- - Monday, May 22, 2017

ANALYSIS/OPINION:

Should utility bills and taxes be used to subsidize money-losing nuclear power plants so they can compete with renewable energy and low-cost natural gas?

New York and Illinois, bowing to pressure from a powerful nuclear utility, believe the answer is yes. Several other states, including Connecticut, New Jersey, Ohio and Pennsylvania, may follow suit, arguing that the subsidies will save nuclear power-plant jobs and help electric utilities meet environmental mandates to reduce carbon emissions.

That’s just one side of the story. The other side is this: The bailouts (subsidies by another name) reward poor management and bad judgment and would cost homeowners and businesses billions.

New York and Illinois already have bought into the dubious bailout scheme, which is being pushed by Chicago-based Exelon, the nation’s largest nuclear utility. Exelon’s plants have been losing money owing to competition from cheap natural gas and wind power. Without the financial aid, Exelon says, the plants won’t be able to operate at a profit and will have to be closed.

So close them; rather than shelling out as much as $10 billion in subsidies, close the plants and shift to natural gas.

I can’t help seeing the similarity between the Exelon bailout and what happened following the deregulation of electricity in the 1990s, when states allowed utilities to charge higher rates to cover some of the costs of “stranded assets” — capital investments made in a regulated environment that were no longer worthwhile in a competitive environment.

Propping up the utilities was wrong then and it’s wrong now.

There’s no point in preventing the shutdown of nuclear plants, since the claim that they’re needed for carbon mitigation is dubious at best.

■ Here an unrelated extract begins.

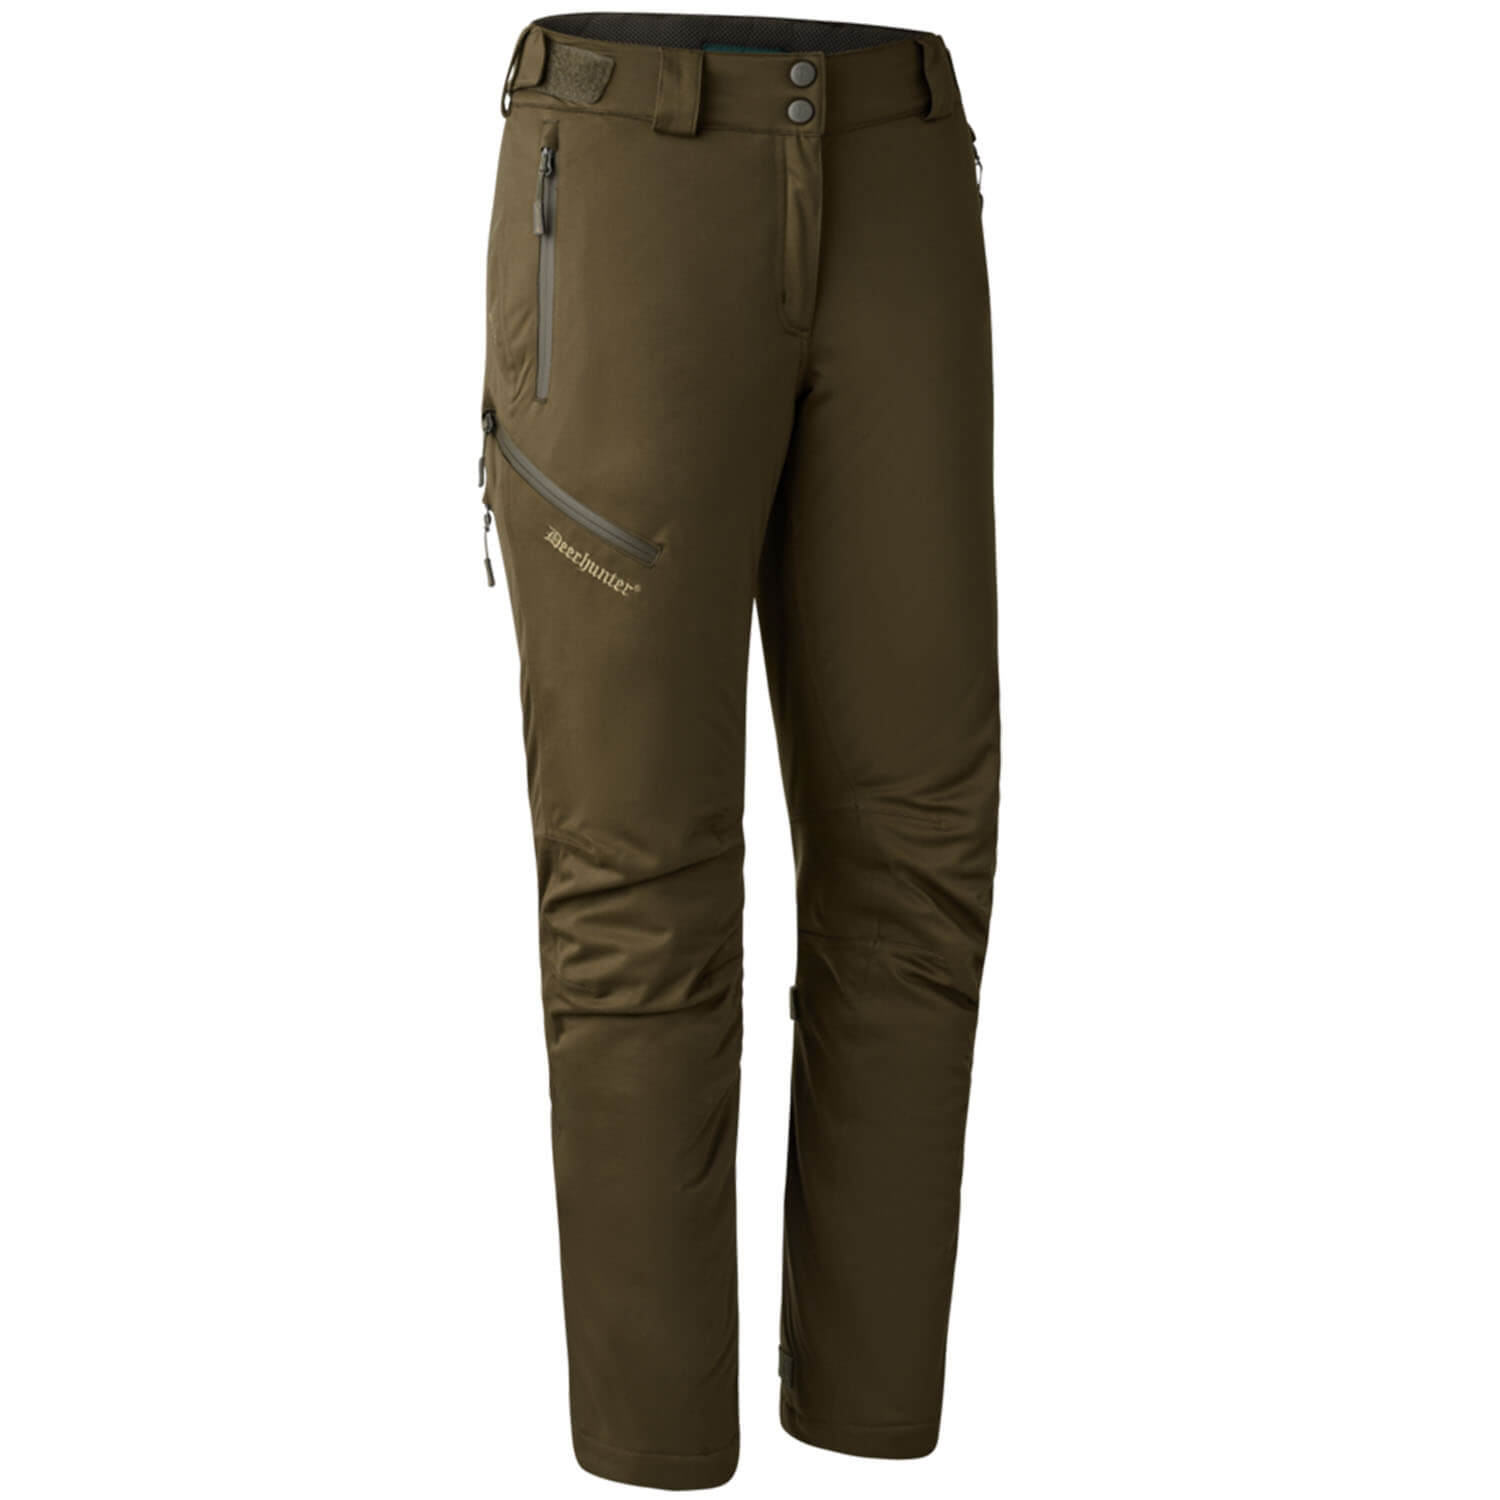 Deerhunter winter Trousers Lady Excape (grün) - Hunting Trousers

Thanks to the shale revolution, which has produced an abundance of low-cost, clean-burning natural gas, carbon emissions from electric power plants have been plummeting as gas-fired plants replace coal-burning facilities.

Moreover, while gas prices are likely to stay low, the operating costs of nuclear plants are almost certain to rise in the years ahead. Southern California Edison closed its San Onofre nuclear plant after deciding it would not be worthwhile replacing steam generators that cost more than $600 million. Duke Power shuttered its Crystal River plant in Florida for much the same reason.

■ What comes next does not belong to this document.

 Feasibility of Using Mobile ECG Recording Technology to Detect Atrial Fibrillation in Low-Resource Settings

Since 2015, six nuclear plants have been closed, utilities have announced plans to shut down another eight, and still others may face early retirement. We should allow that to happen in an orderly, businesslike fashion.

Cost, efficiency, availability, security and other factors should determine the best energy source for electric power plants, not lobbying power and the willingness of politicians to hand out favors.

When government picks winners and losers in energy markets, consumers are stuck with the bill because regulators pass electricity costs on to them in the form of higher rates. Utilities should compete to provide electricity without government assistance.

Today’s nuclear power plants typically use technologies that are a half-century or more old. Ironically or not, keeping these plants up and running delays the introduction of more modern and much safer alternatives, such as small modular reactors, which are the nuclear industry’s future.

As for saving jobs, policymakers need to think more broadly. The United States is currently seeing a manufacturing revival. The main reasons for this are increased labor costs in China and lower electricity costs at home — the result of cheap natural gas. The best way to create even more jobs in manufacturing and other industries is to keep electricity costs down. Propping up unprofitable nuclear plants does the opposite.

• William F. Shughart II, research director of the Independent Institute, is J. Fish Smith Professor in Public Choice at Utah State University’s Huntsman School of Business.